Safety is extremely important--in fact, it can't be overstated. But IMO, not allowing people to reload a revolver properly in the name of muzzle control makes no sense at all. It's not making anyone safer--it's just causing problems.

There is only one guaranteed way to keep rims from slipping the star in a revolver if you're not allowed to use proper technique. Moon clips.
 
I'm a stickler for muzzle control rules, but if the range rules won't allow you to do a proper revolver reload even with the cylinder open, that's messed up.

This is coming from someone who teaches people to reload semi-autos with muzzles downrange because when the slide is dropped at the end of the reload (or if it drops prematurely when the mag is inserted), there's a chance of an unintentional discharge at that point. But there's no chance AT ALL that a revolver with its cylinder open is going to discharge. As long as the muzzle comes back down well before the cylinder is swung back into the frame, there shouldn't be a problem.

Safety is extremely important--in fact, it can't be overstated. But IMO, not allowing people to reload a revolver properly in the name of muzzle control makes no sense at all. It's not making anyone safer--it's just causing problems.

There is only one guaranteed way to keep rims from slipping the star in a revolver if you're not allowed to use proper technique. Moon clips.

I agree with you. There are a handful of stupid rules at that range. That said, I prefer the stupid rules over the other range's "free for all" where people point guns at me and walk in front of me while I'm still shooting. So, it's a trade-off.
 
I guess one other option is to reload your own ammo using much shorter brass. The sooner it clears the chamber, the less likely it is to get under the extractor star.
 
I agree with you. There are a handful of stupid rules at that range. That said, I prefer the stupid rules over the other range's "free for all" where people point guns at me and walk in front of me while I'm still shooting. So, it's a trade-off.
ICORE match rules also require what you're having to do. It's really dumb. If I ever have to reload a revolver in some sort of bad situation, I'll be doing it the stupid way because it'll be ingrained in my habits.
 
Does this revolver shoot 44 specials as well as 44 magnum cartridges? If it shoots both does the problem only happen with the shorter 44 specials?
 
Does this revolver shoot 44 specials as well as 44 magnum cartridges? If it shoots both does the problem only happen with the shorter 44 specials?
I shoot magnums so infrequently that I have no basis for comparison. I have shot probably 3-4k rounds of specials through it, and probably less than 100 magnums.
 
It's the grip!

So I had it out this evening shooting steel in an untimed, non-competitive environment where I could pay close attention to the extraction process. The case coming out of the chamber at the 4 o'clock position is hitting the grip and deflecting every time.

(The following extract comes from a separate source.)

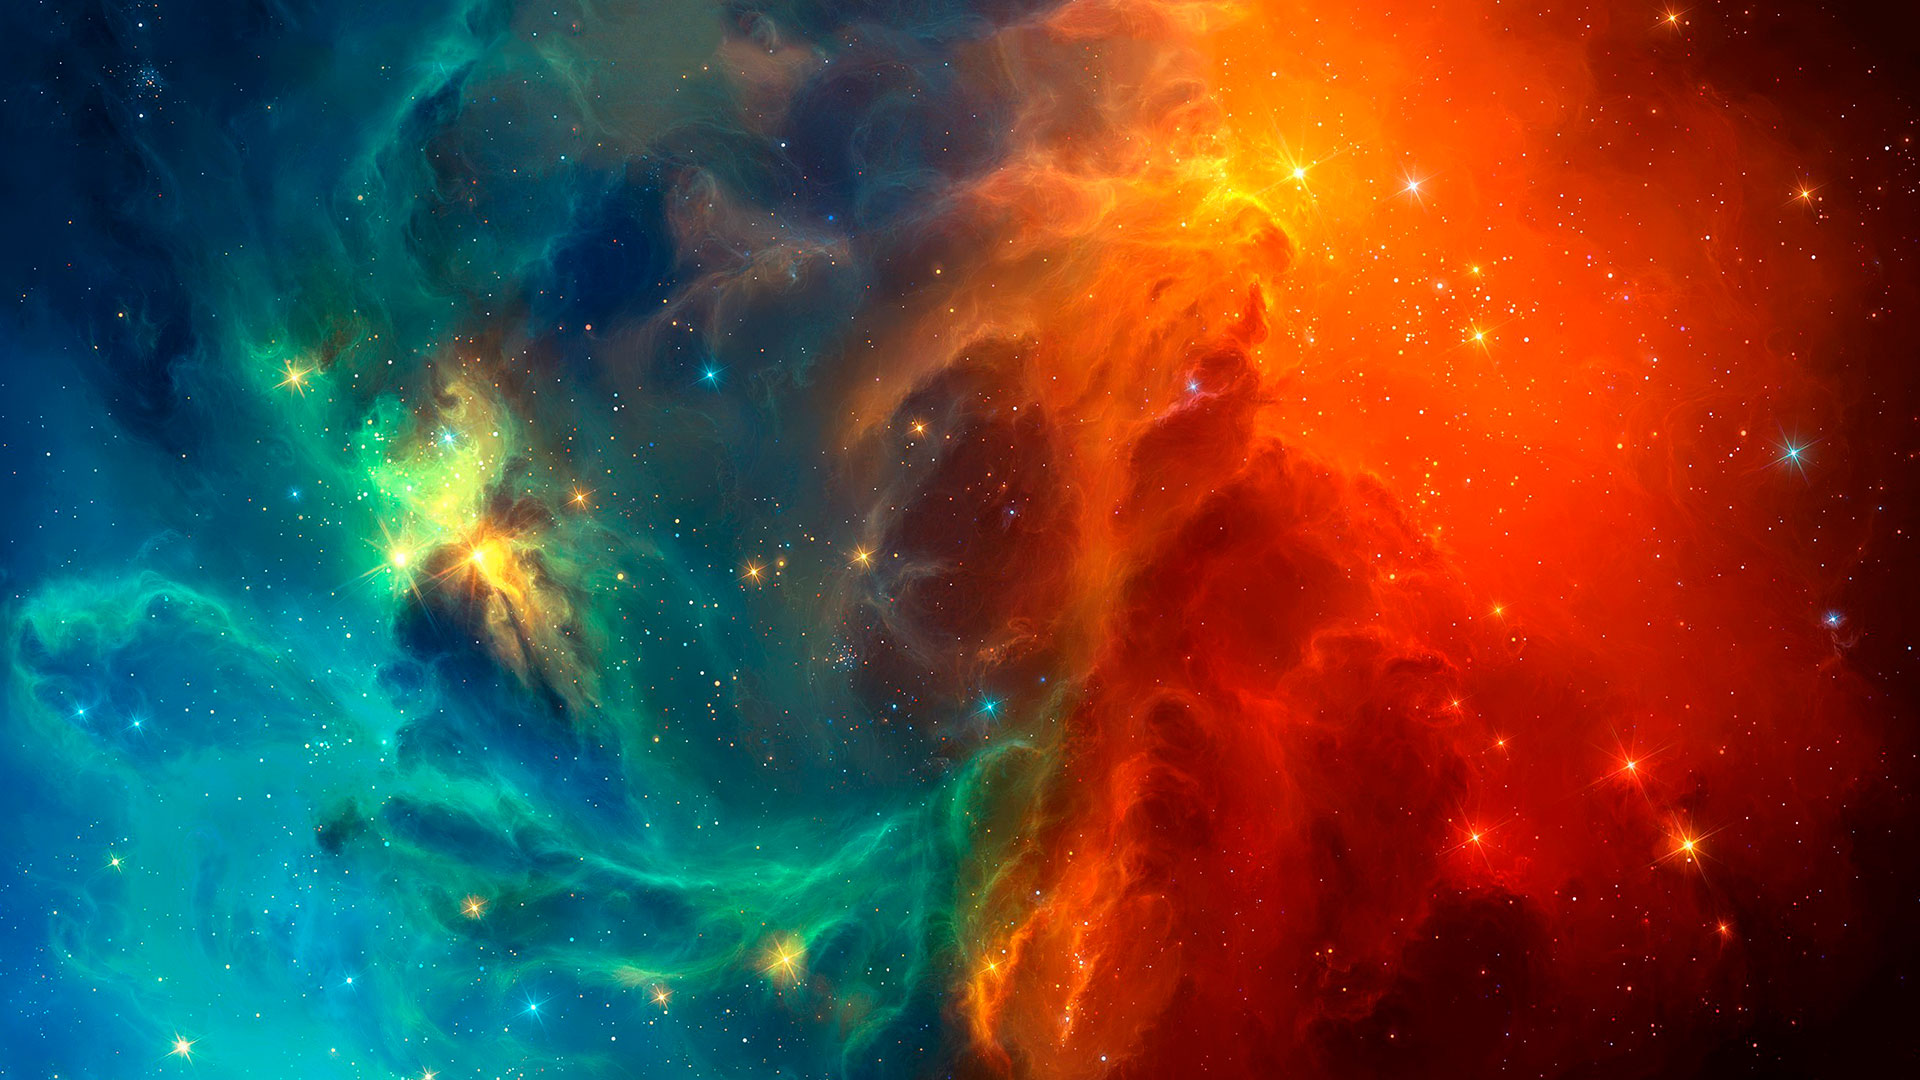 colorful hd nebula image
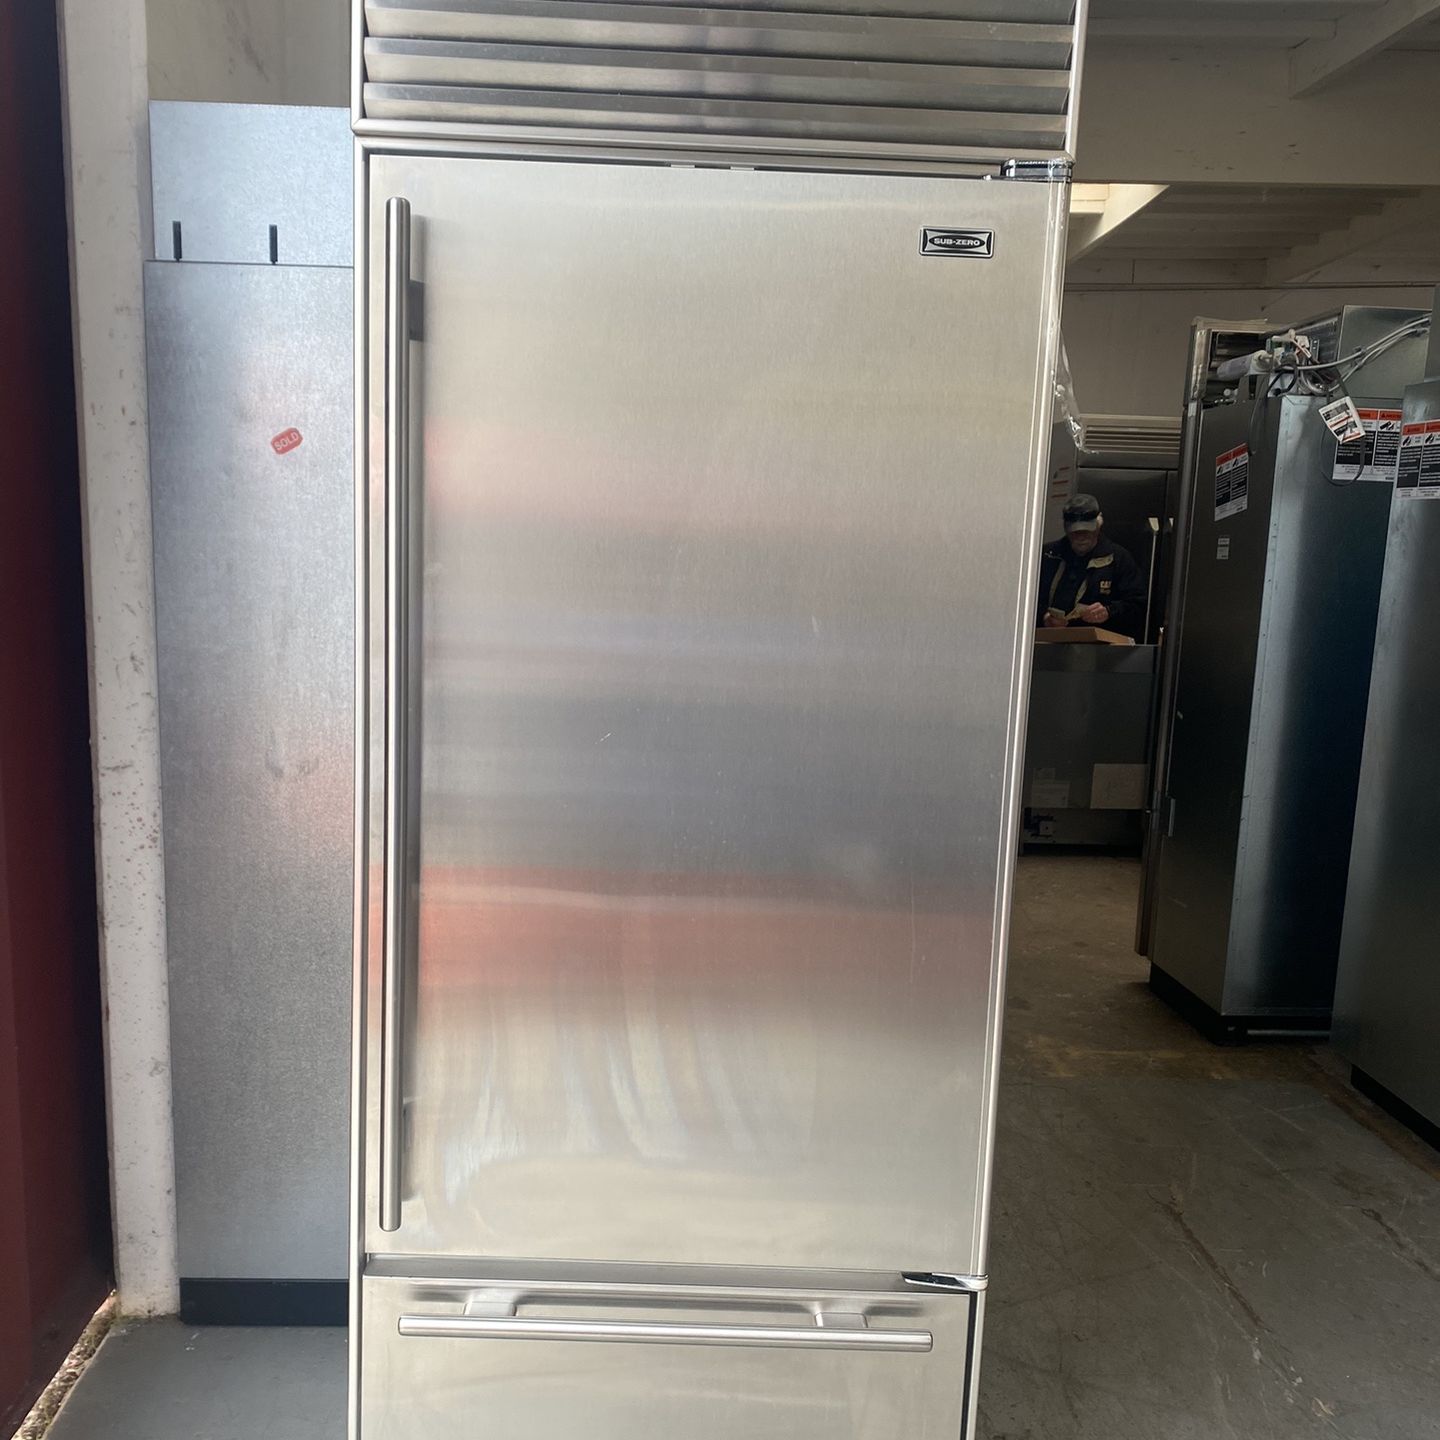 30” Sub-Zero Built In Refrigerator

Because I'm not seeing cases under the star every time, I think it's safe to assume there is some other factor in play here, but the grip is definitely interfering with the case coming out of the cylinder. I'm going to swap grips and see if the problem improves. (I never had this problem with the Pachmayr Decelerator grip, but I didn't like the finger grooves.)
 
Could be a little slop in your ejector rod allowing the whole thing to lean to the 10 o'clock position when the case contacts the grip thereby dropping the case at 4 o'clock.